# Satellite Radio Install Questions



## Camelman16 (Nov 20, 2008)

Alright everybody, I've looked just about everywhere and I still can't seem to find how to install a Sirius satellite radio in my Dub, so hopefully somebody can help or at least point me in the right direction. I know there's probably some FAQ that I'm completely missing, but I've looked high and low and still haven't found it.
I've got a 2004.5 GLI with a Monsoon double-din head unit. I don't have a 6 disc changer. I want to install a Sirius satellite radio and make it as neat and clean as possible. Is there a plug to just plug it in to the back of the head unit? I've seen 853 different ipod adapters listed everywhere, but I can't seem to find one for the satellite. Also, I know this sounds really stupid but, once the auxiliary is plugged into the back, what do I press on the front to access it?
Also, is there any way to integrate the Sirius antenna into the factory antenna on top? Has anybody done this before with good results?
Lastly, I'd like to install the satellite radio above the CD player, where the slot for the stability controll currently is. I've seen people move those buttons on top around (where the 4-ways and defroster are) but how is that actually done?

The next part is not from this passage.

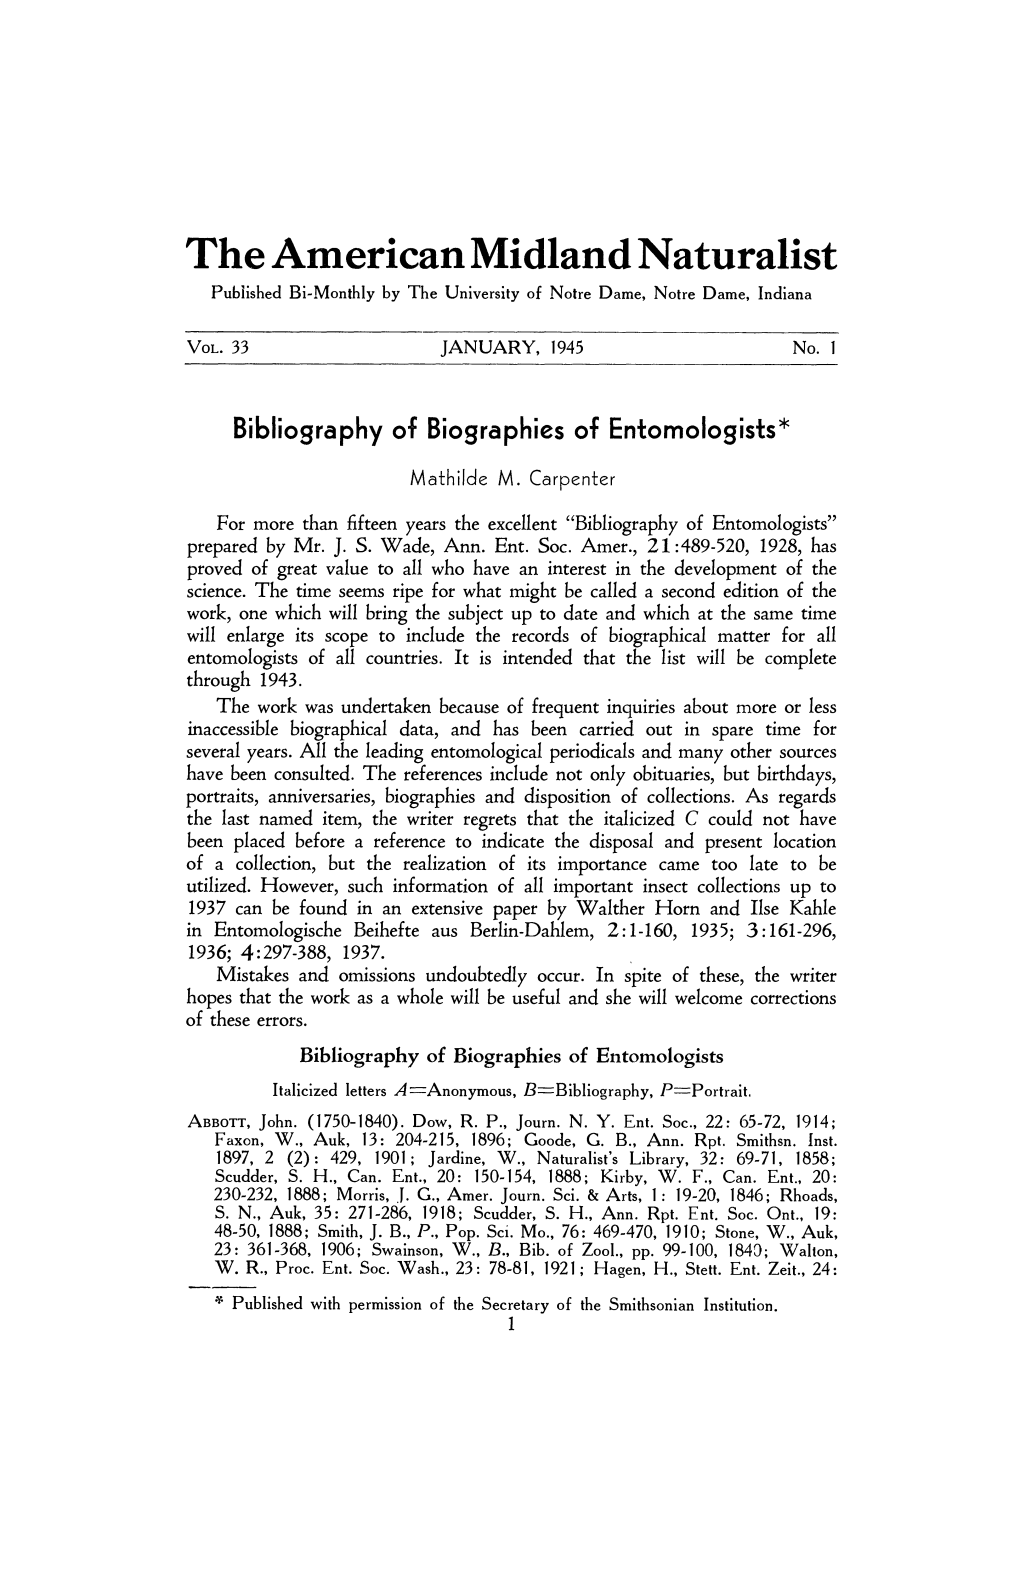 Bibliography of Biographies of Entomologists Italicizedletters A-Anonymous, B=Bibliography, P=Portrait

Anybody done this and have some pictures and advice they can share?
Thanks for the help in advance.


----------



## [email protected] (Dec 3, 2007)

*Re: Satellite Radio Install Questions (Camelman16)*

Hello,
On Enfig's website, they seem to have various options for connecting an aftermarket Sirius and would be accessed as an external CD-changer.
Enfig options


----------



## where_2 (Jul 21, 2003)

*Re: Satellite Radio Install Questions ([email protected])*

My personal favorite mounting location is still in this thread: http://forums.vwvortex.com/zerothread?id=2371742
Take your pick, they all look awesome.


----------